The opprobrium heaped on Williams has been a mix of anger, sorrow and petulance. Another sister of the Sixties, Polly Toynbee, declared that her erstwhile friend had mistaken political discipline for sheepdom – a serial Liberal Democrat habit in government. One of the most disappointing comments of recent days came from a Labour grandee. When Lord Hollick called Williams "the Coalition's Lady Haw-Haw", not only was he displaying bad taste, he was ignoring his party's own record in bringing the private sector into the health service.

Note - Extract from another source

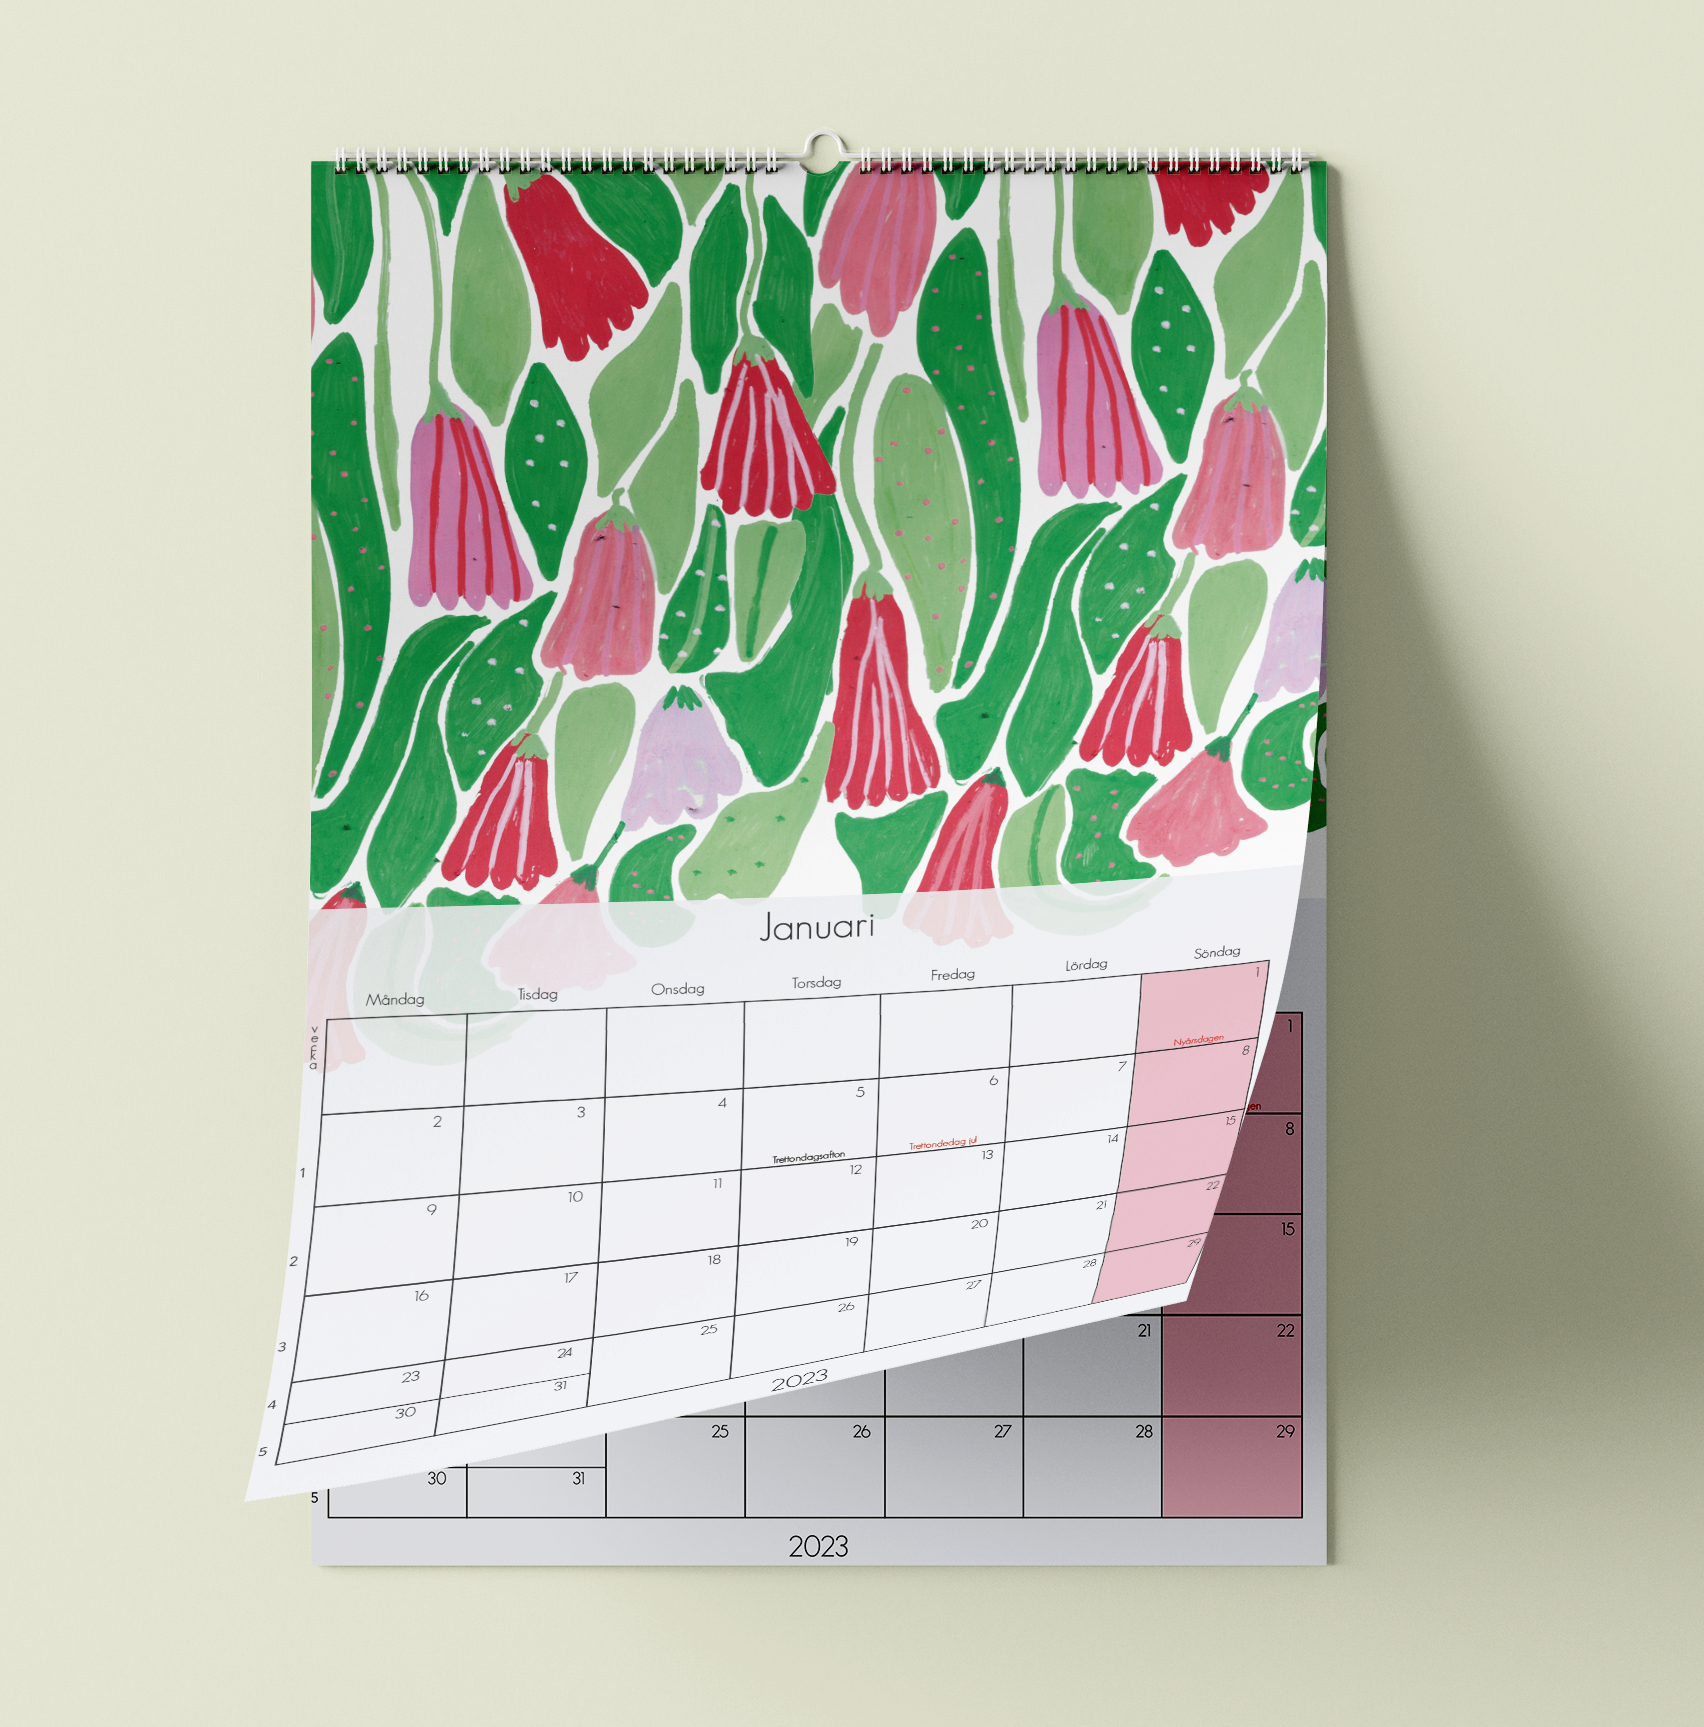 Kalender 2023 - Din blomstrande väggkalender med konst av Jessica Jämting

The issue at stake is far more important than the personal spats. Clegg has moved from initial nonchalance about Andrew Lansley's plans, to promising an overhaul of the Bill, to achieving some change, but not nearly enough for many. The saga provides another salutary lesson about expectation management within a coalition.

How much influence is enough to trade against the guilt by association with the Conservatives? Clegg knows that is impossible to answer. He responds that something is better than nothing. But will the pitch "we've made the Tories a bit less nasty" wash at the next election?

Ed Miliband cannot believe his good fortune at seeing David Cameron tie himself to the one issue that remains toxic for the Tories. Labour thinks it can sit back and denounce from the purity of opposition. In the short term, as long as voters fail to see Labour's double standards on its NHS record, this approach will reap dividends. In the long term it will remind voters that the party has yet to grow up. Labour continues to regard Clegg's decision to jump into bed with Cameron as the ultimate act of treachery. One wise head is Jack McConnell, who served as First Minister in Scotland, working with the Liberal Democrats in government there. "There's a public willingness to go with politicians who are seen to want to compromise and to work together," he told me in 2010.

In an emotional address, Williams denounced her Labour critics for "tribalism trumping truth". I'm not sure she's right on the truth part. This Bill, even while improved, remains deeply flawed. But on the narrowness of the tribe, this grand dame of the centre-Left has nailed it in one.